CPU times: user 753 ms, sys: 22 ms, total: 775 ms
Wall time: 774 ms


This shows the top 100 topics, with the 5 words that, with highest probability, represent those topics.

#### Getting the topics and their probabilities for one document:

In [65]:
x = model.get_document_topics(corpppp[0], minimum_probability=0.1)
x

[(7, 0.13438915), (22, 0.12401116), (34, 0.2252998)]

This shows how document 0 (represented in terms of BOW as corpppp[0]) has its topics, with the probability of each topic. In this case, the document corresponds to topic 13 with 0.164 probability, and topic 40 with 0.136 probability.

#### Getting the words describing the topics for the same document:

In [66]:
for i in x:
    print(model.show_topic(i[0], topn=10))

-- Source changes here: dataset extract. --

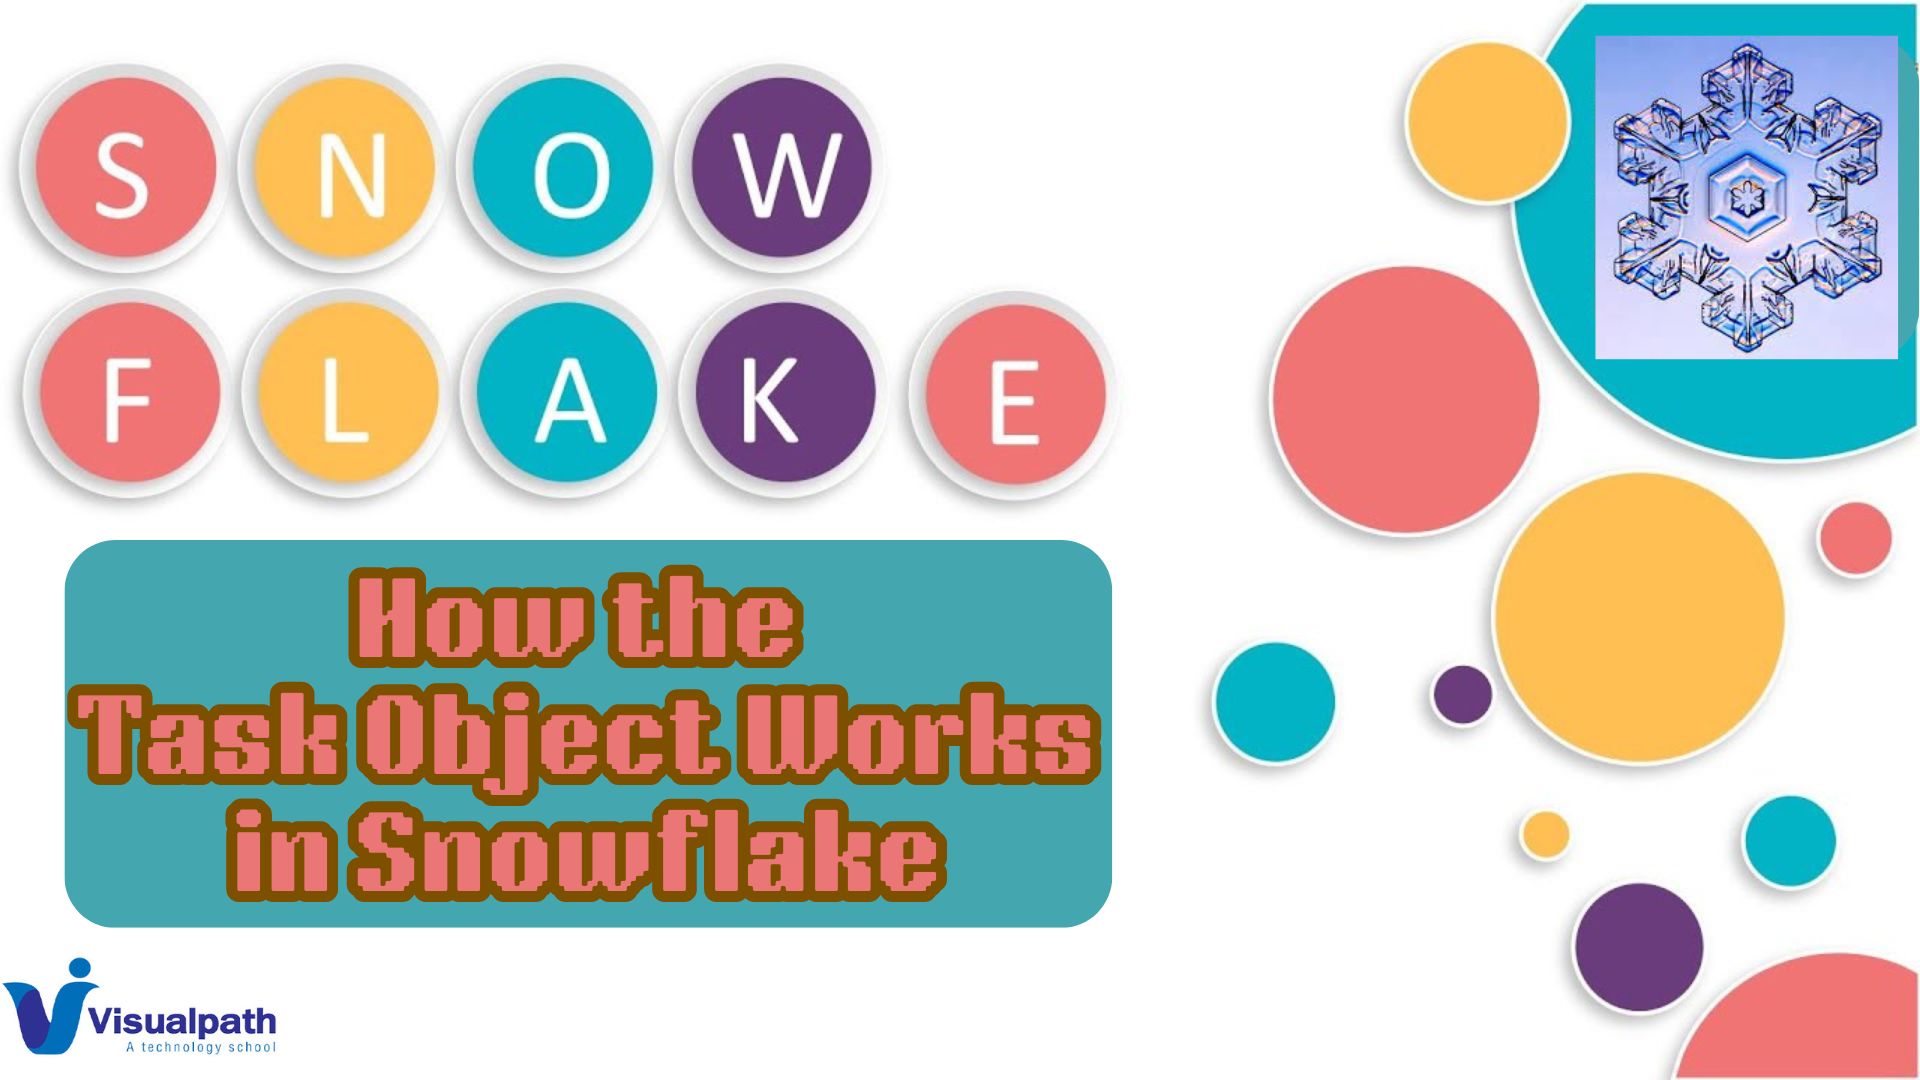 How the Task Object Works in Snowflake
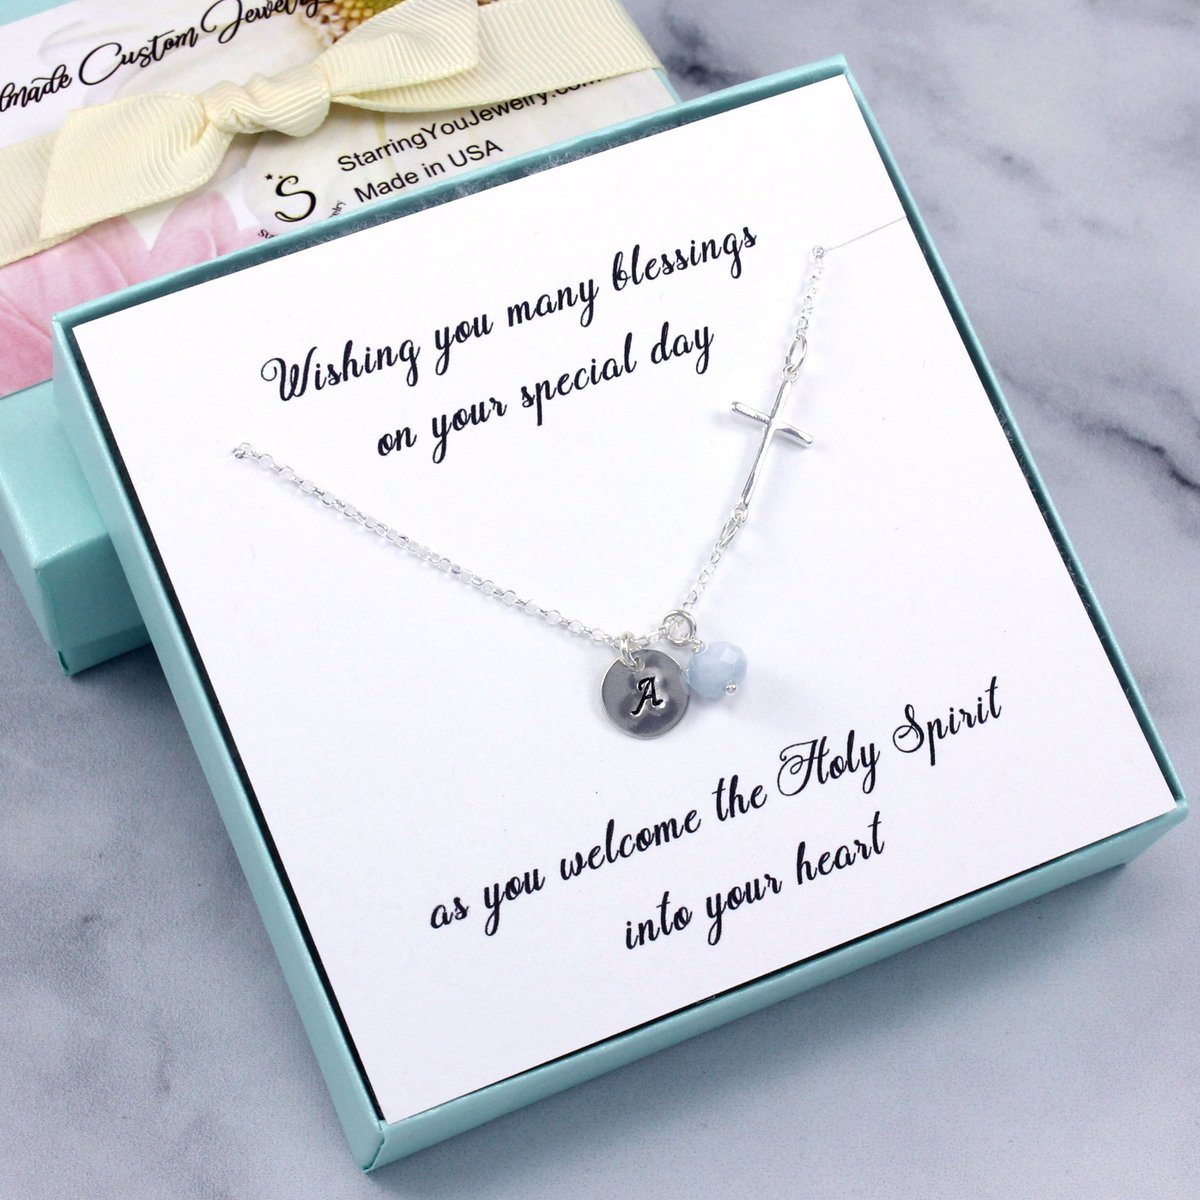 Personalized Confirmation Gift, Cross Initial Necklace Sterling Silver, Gemstone Charm, First Communion Gift, Confirmation Gifts for Girls tuppu.net/6aff4718 #Etsy #etsyjewelry #handmadejewelry #etsygifts #etsyseller #giftideas #etsyfinds #giftsforher

[('school', 0.013332094), ('boi', 0.008467523), ('girl', 0.008024706), ('like', 0.006921068), ('children', 0.0065888925), ('student', 0.00607882), ('high', 0.0058694812), ('kid', 0.0055167074), ('parent', 0.0051464), ('child', 0.004577135)]
[('like', 0.013654727), ('holm', 0.0132337585), ('sex', 0.013080628), ('porn', 0.010436354), ('look', 0.008345899), ('scene', 0.007331529), ('shirlei', 0.0050096326), ('bone', 0.004902359), ('ellen', 0.004652755), ('jennif', 0.004401875)]
[('horror', 0.023603853), ('bad', 0.02096437), ('like', 0.016407525), ('look', 0.01231438), ('good', 0.012066251), ('effect', 0.011218209), ('act', 0.010566096), ('watch', 0.009061358), ('scene', 0.0086893225), ('budget', 0.007922259)]


This shows for document 0, the top 10 words relating to its topic. Recall we had two topics for document 0, so the first list is the top 10 words that explain the first topic, and the second list is for the second topic.

## TFIDF VS CORPUS BOW:

In [67]:
movies_doc[0]

'\'P\' (or Club-P) should really be called \'L\' for lame. Every festival has a disappointment and this is the one that fails to live up to its much-hyped logline: "Thai lesbians fighting monsters." Rather, this is the tale of a Khmer country girl who\'s grandmother has taught her a little witchcraft along with a few odd (but specific) rules: "don\'t walk under a clothesline," "don\'t eat raw meat," and "don\'t accept money for your powers." Well, guess what folks, the girl moves to Bangkok to raise some money as a \'bar-girl\' and manages to break all the rules granny taught her which subsequently releases an evil spirit that conveniently kills the \'foreign johns\' who pay for her services.<br /><br />While this film can\'t even be released in Thailand due to it\'s controversial subject matter most American audiences will find this ho-hum horror pic a cross between "Showgirls" and "Interview with the Vampire" as directed by Walt Disney.<br /><br />If not for a few scenes with signifi

Using the tfidf vs normal bow has some differences. Using tfidf runs in 6min30seconds compared to 4minutes14seconds for corpus bow.

When checking for the first document, the normal bow makes more sense in terms of topics relating to each document, compared to tfidf which identifies most documents as having the same topic; movies and series... This is true, but we are more interested in the individual topics, and tfidf does a good job to giving importance to the words that appear in most documents, in this case movies appears in most documents, but this does not help us identify the sub topic for each document; porn in movies vs children/highschool... in movies. Using normal bow is better at this.